Uniformly Distributed Category Prototype-guided mechanism for image-text matching. Within vision-language frameworks, the prevalent method for learning feature representations involves directly aligning image and text features in the feature space. However, in long-tailed datasets, sample imbalances within tail categories may disrupt the uniformity of feature prototypes on the hyper-sphere space, resulting in performance deterioration. To tackle this challenge, we introduce an innovative approach based on category prototype contrastive learning to promote the alignment of image and text features. During the image-text matching process, a batch of images $\mathcal{I}=\{I_{i}\}_{i=1}^{N}$ and corresponding text sentences $\mathcal{T}=\{T_{i}\}_{i=1}^{N}$ are randomly sampled, where $N$ denotes the batch size. These images and texts are subsequently encoded into feature representations utilizing visual encoder $\mathcal{V}_{\mathrm{enc}}(\cdot)$ and language encoder $\mathcal{L}_{\mathrm{enc}}(\cdot)$ , respectively:

(2)

\displaystyle\boldsymbol{z}_{i}^{I}=\mathcal{V}_{\mathrm{enc}}\left(I_{i}\right),\quad\boldsymbol{z}_{i}^{T}=\mathcal{L}_{\mathrm{enc}}\left(T_{i}\right),

where the vectors $\boldsymbol{z}_{i}^{I}$ and $\boldsymbol{z}_{i}^{T}$ are both normalized.
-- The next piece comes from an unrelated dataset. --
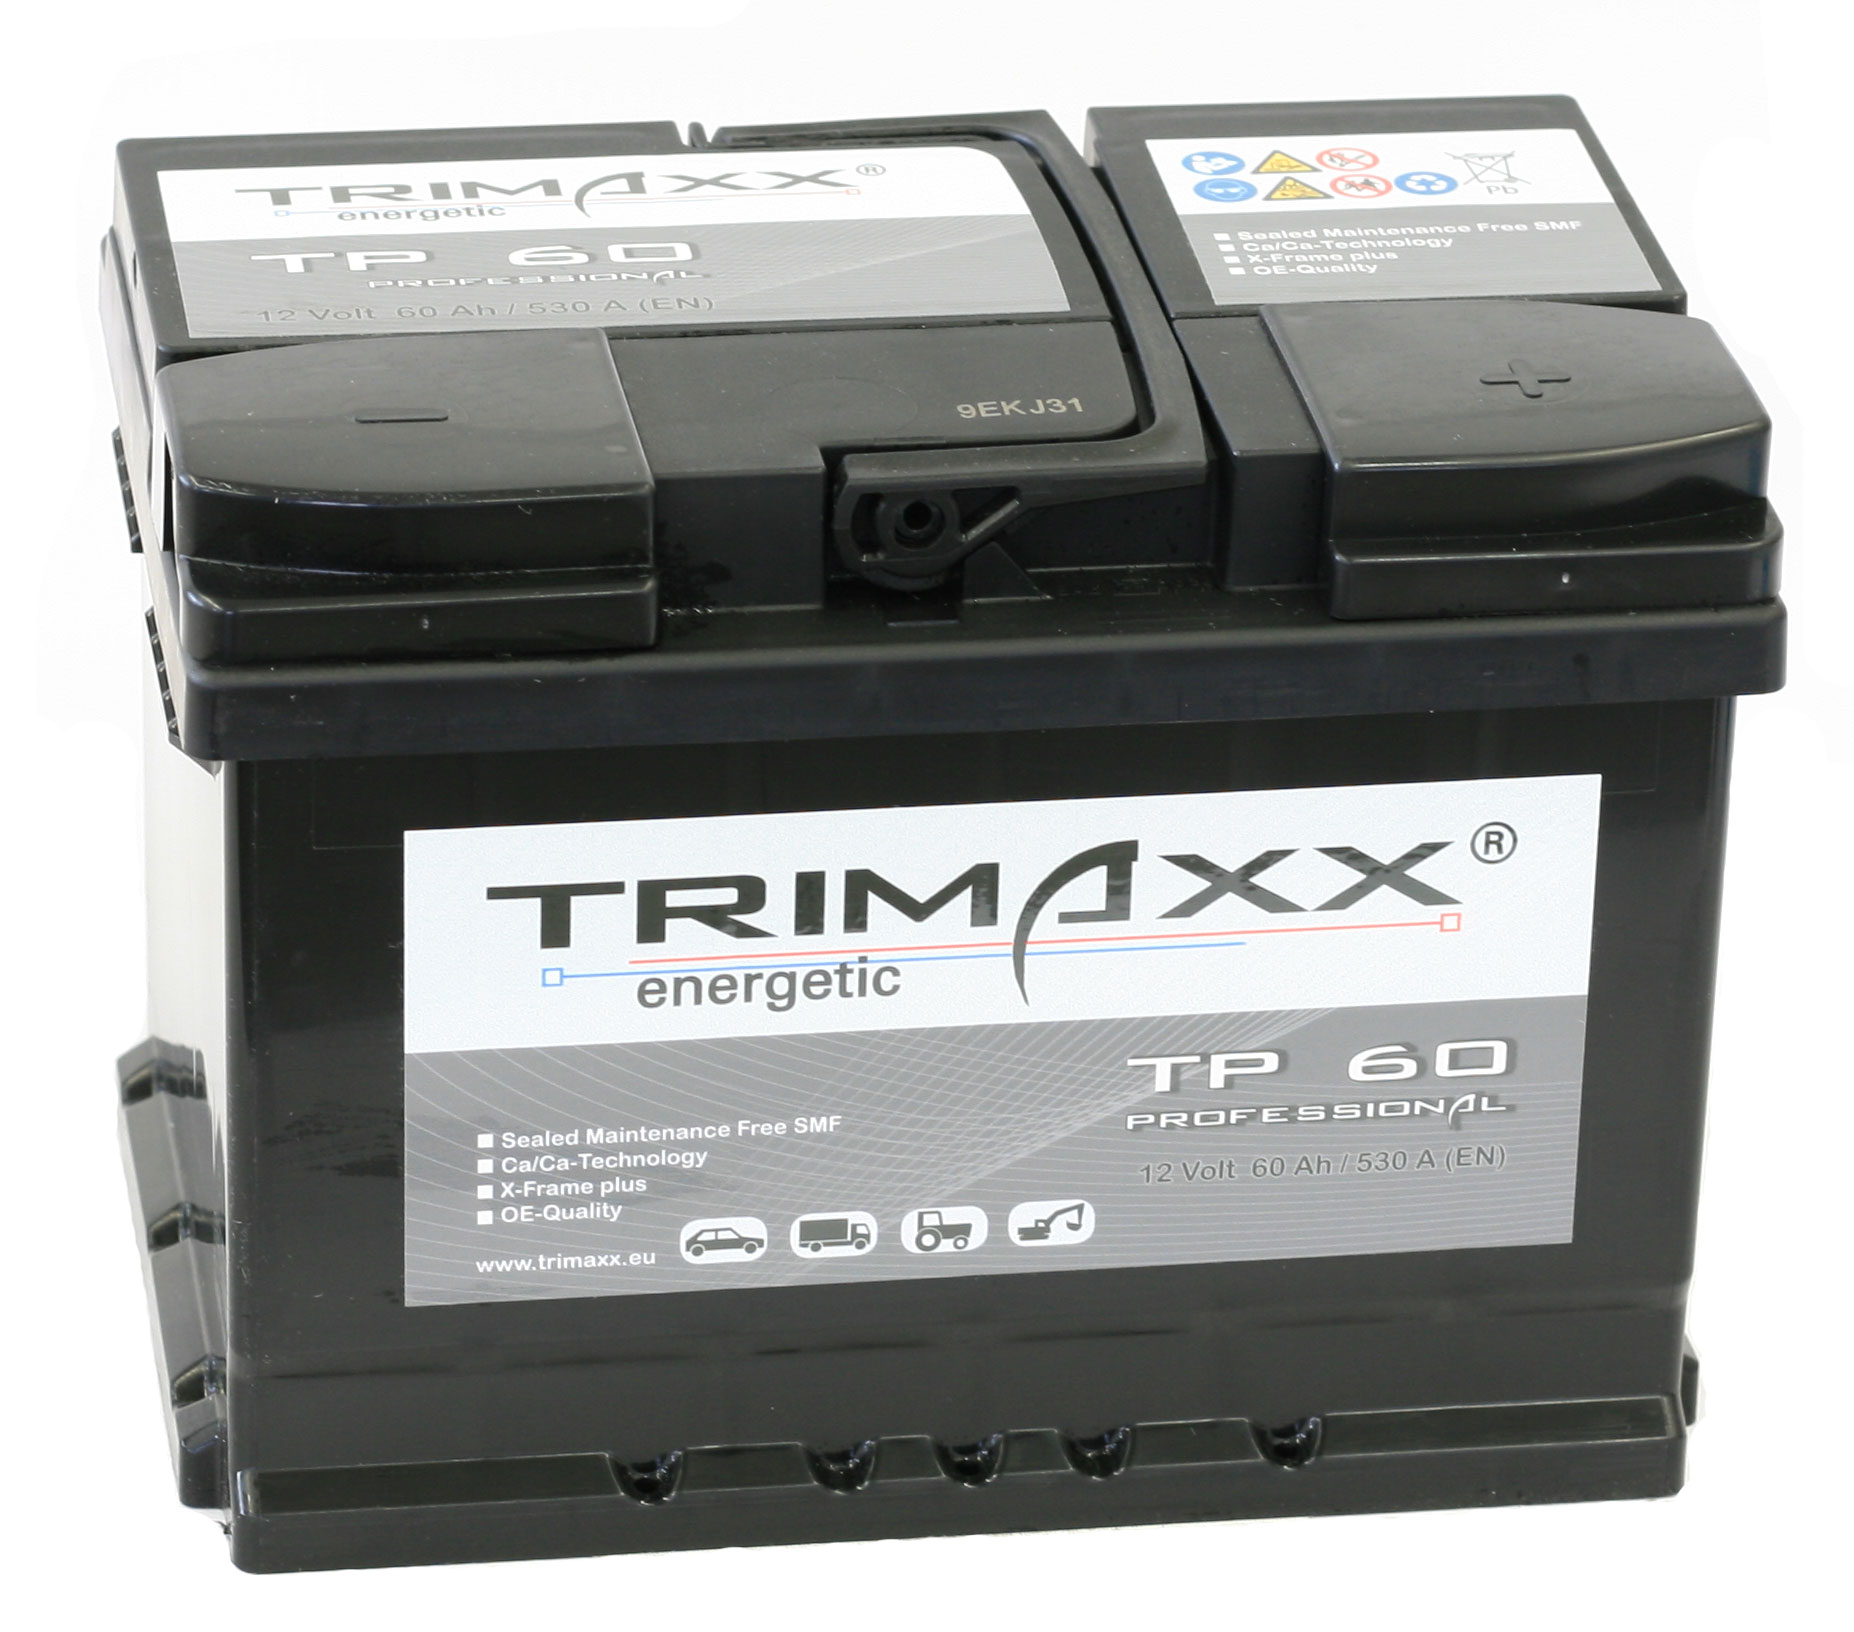 TRIMAXX energetic 12V 60Ah 560A(EN)

The category prototype contrastive loss function $\mathcal{L}_{\operatorname{PC}}$ can be defined as:

(3)

\displaystyle\mathcal{L}_{\operatorname{PC}}=-\log{\bigg{[}\frac{\exp\left(\boldsymbol{z}_{i}^{I}\cdot\boldsymbol{c}^{i}/\tau\right)}{\sum_{j=1}^{K}\exp\left(\boldsymbol{z}_{i}^{I}\cdot\boldsymbol{c}^{j}/\tau\right)}\bigg{]}}-\log{\bigg{[}\frac{\exp\left(\boldsymbol{z}_{i}^{T}\cdot\boldsymbol{c}^{i}/\tau\right)}{\sum_{j=1}^{K}\exp\left(\boldsymbol{z}_{i}^{T}\cdot\boldsymbol{c}^{j}/\tau\right)}\bigg{]}},

where the parameter $\tau$ , initialized to 0.07 (Khosla et al., 2020), is a hyper-parameter. The image-text matching process with category prototype contrastive loss encourages each class’s image and text features to align with its corresponding uniformly distributed category prototype in the hypersphere. This alignment prevents the long-tailed distribution from breaking the uniformity of the feature space, thereby improving the model’s representation quality of the long-tailed data. It encourages image and text features to move towards their corresponding category prototype while avoiding proximity to other category prototypes.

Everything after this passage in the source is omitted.